Yucca Mountain has been wrangled over for 3 decades, and one component in its abandonment was a change in the proposed ‘regulatory period’ from 10 thousand to a million years. How compliance might be demonstrated for a period five time longer than our species has existed, and 500 time longer than the length of the Industrial Revolution is something of a problem for bureaucrats, as of course is judging the cost and time for decommissioning obsolescent nuclear plant. If nuclear energy is to play any role in cutting carbon emissions, the volume of nuclear waste is set to rise enormously, but this does not seem to concentrate the regulatory group mind wonderfully.

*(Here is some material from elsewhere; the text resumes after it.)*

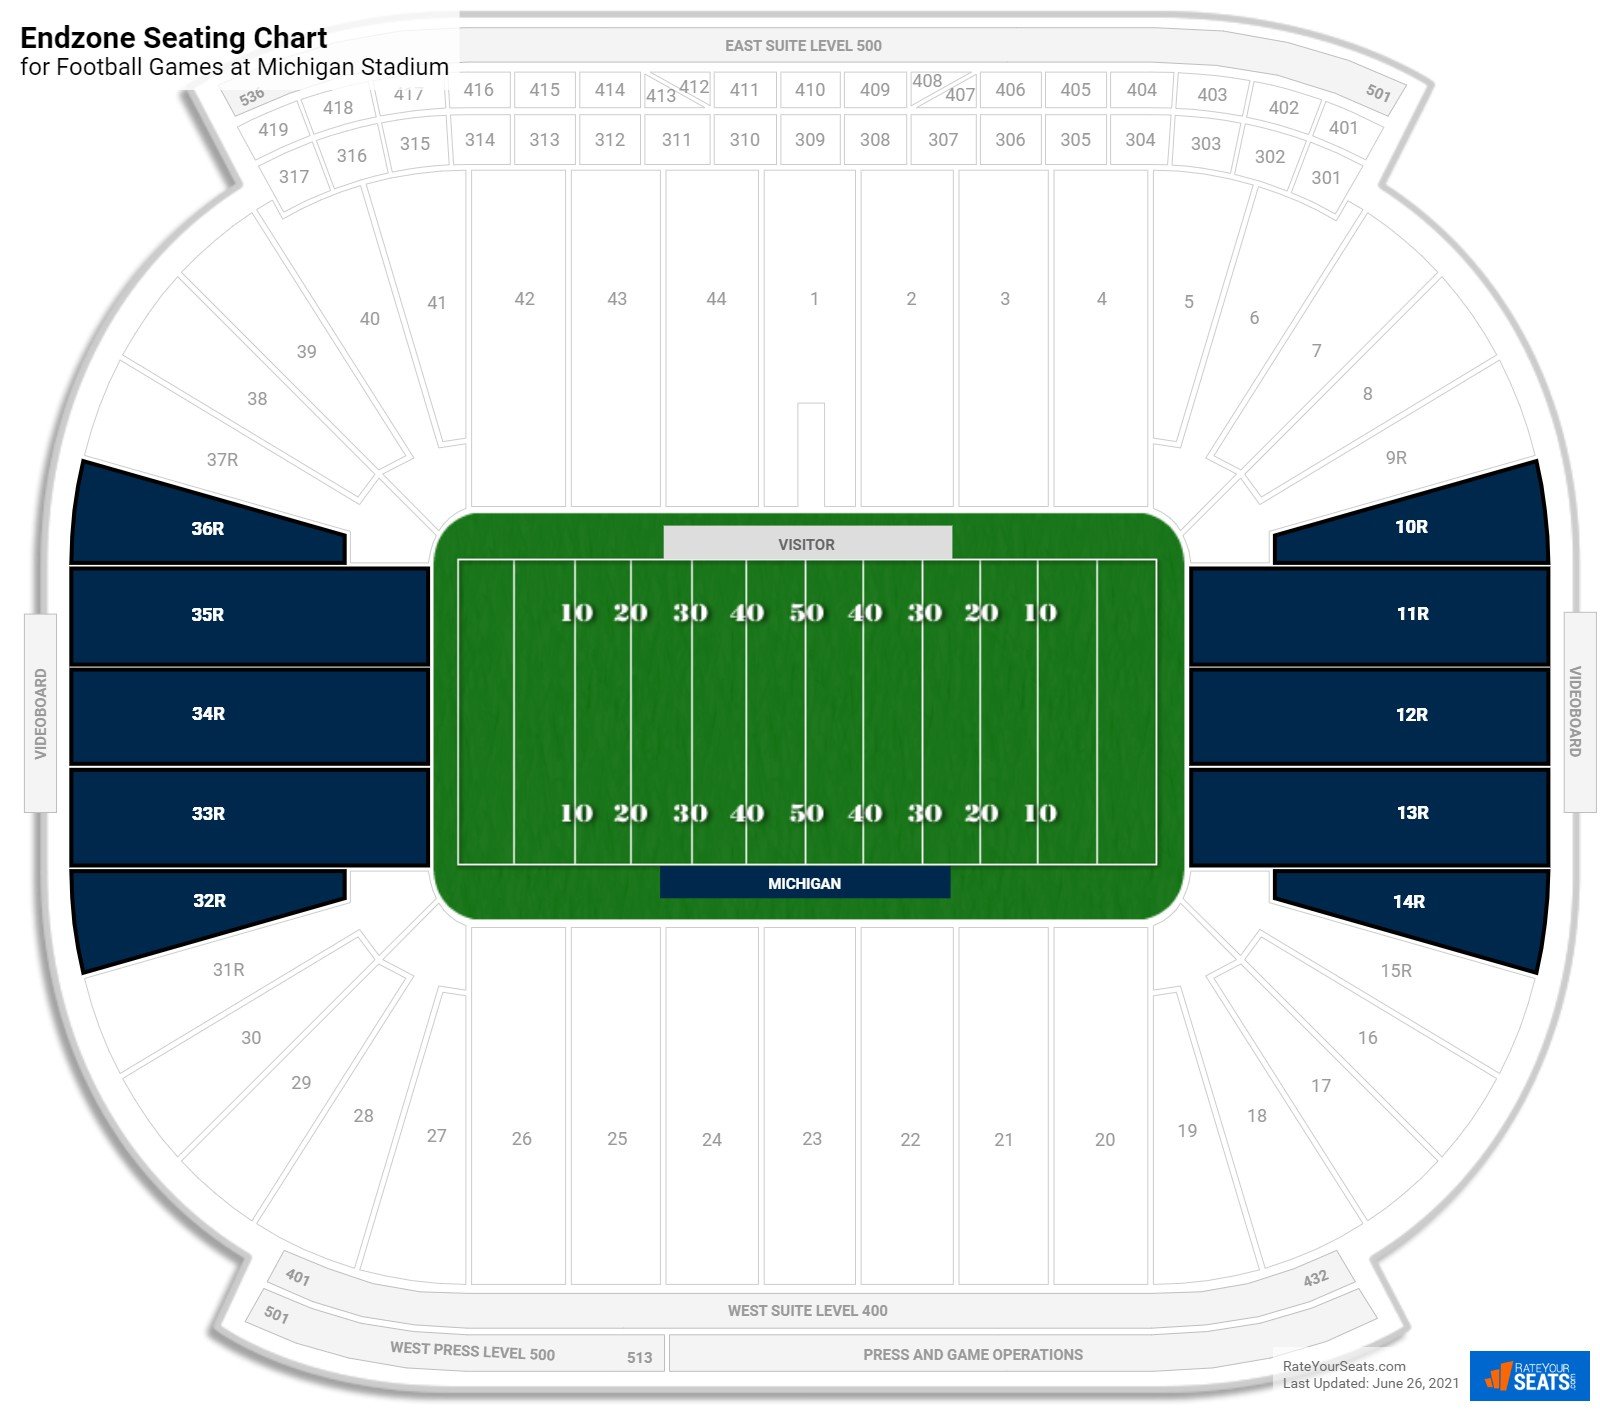 Football Endzone Seating Chart at Michigan Stadium

See also: Wald, M.L. 2009. What now for nuclear waste? Scientific American, v. 301 (August 2009), p. 40-47.

Methane: the dilemma of Lake Kivu

A massive discharge of carbon dioxide from the small but deep Lake Nyos in Cameroon in 1986 killed 1700 local people after a small earthquake and landslide disturbed the bottom water.  The lake is stagnant, and carbon dioxide released by exhalation from deep magma chambers beneath it had dissolved under pressure in in deepest levels. Once disturbed, the gas came out of solution to reduce bottom water density so a large volume rose to blurt out gas and deal silent death in the lake’s immediate surroundings.

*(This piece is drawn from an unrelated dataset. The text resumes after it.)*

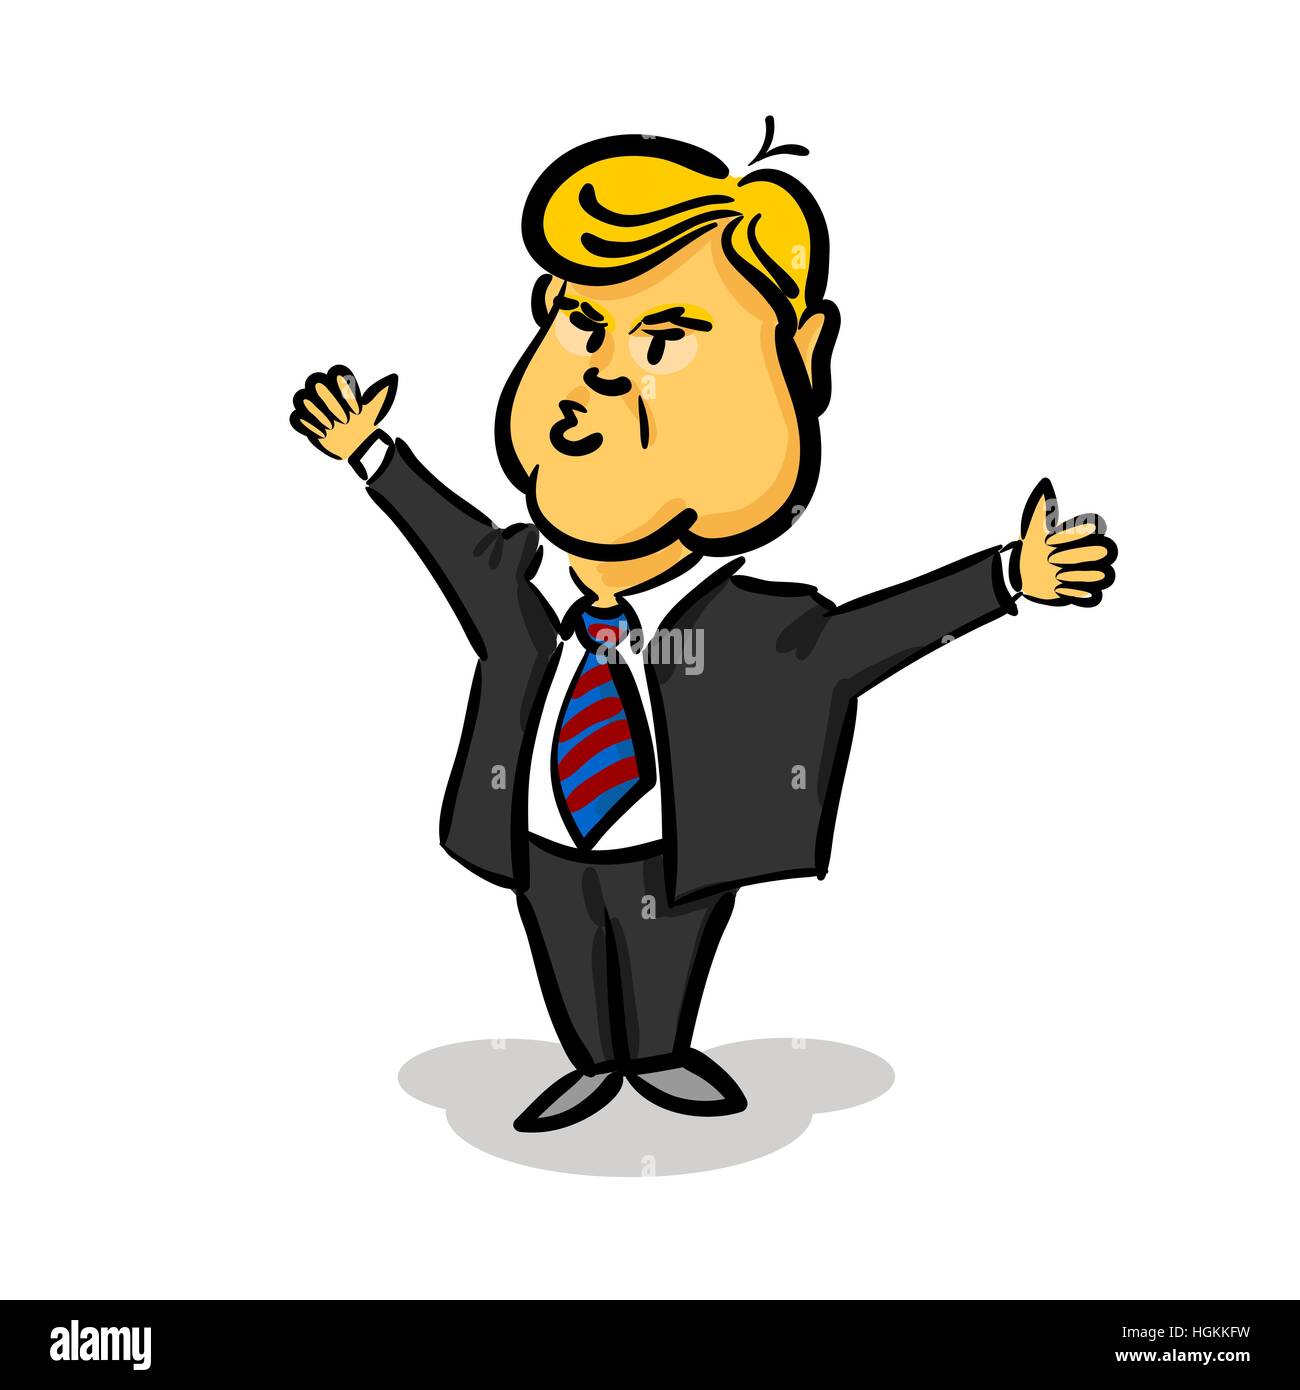 January 10, 2017 Donald Trump thumb up Stock Vector

Lake Kivu in the western branch of the East African Rift system borders the Democratic Republic of Congo (DRC) and Rwanda. With an area of 2700 km2 and a depth of over 400 m it is far larger than Lake Nyos, but similar in having stagnant water below a depth of about 75 m, in which gases are dissolved under pressure. Lake Kivu contains an estimated 256 km3 of carbon dioxide derived from magmas beneath the Rift and 65 km3 of methane that probably arises by anoxic bacterial reduction of the CO2. Cores into Lake Kivu’s sedimentary floor indicate massive biological die-offs at roughly millennial intervals, which probably result from magmatic destabilisation of the gas-rich lower waters. Experimental vent pipes have been installed in Lake Nyos and nearby Lake Monoun to remove gas from the deep water (see Taming Lake Nyos, Cameroon and Letting Cameroon’s soda-pop lakes go flat in EPN issues for April 2001 and March 2003, respectively), but such a solution for the much larger Lake Kivu would be far less predictable and extremely expensive (Nayar, A. 2009. A lakeful of trouble. Nature, v. 460, p. 321-323). Energy companies based in DRC and Rwanda are now starting to use the ‘soda siphon’ approach that relieved Cameroon’s deadly lakes to capture the methane potential in Lake Kivu. Perhaps that will dampen down the lake’s potential for explosive gas surges, but no one knows if it could instead destabilise its uneasy equilibrium. Furthermore, the deep cool water is nutrient rich and may set off planktonic blooms in Lake Kivu’s surface waters. DRC is notorious for bandit mining and politics and security even more unstable than the lake that it shares with its tiny neighbour Rwanda. Population density on the lake’s shore, always high because of the fisheries and agricultural potential, rose explosively in the aftermath of the Rwandan genocide of 1994.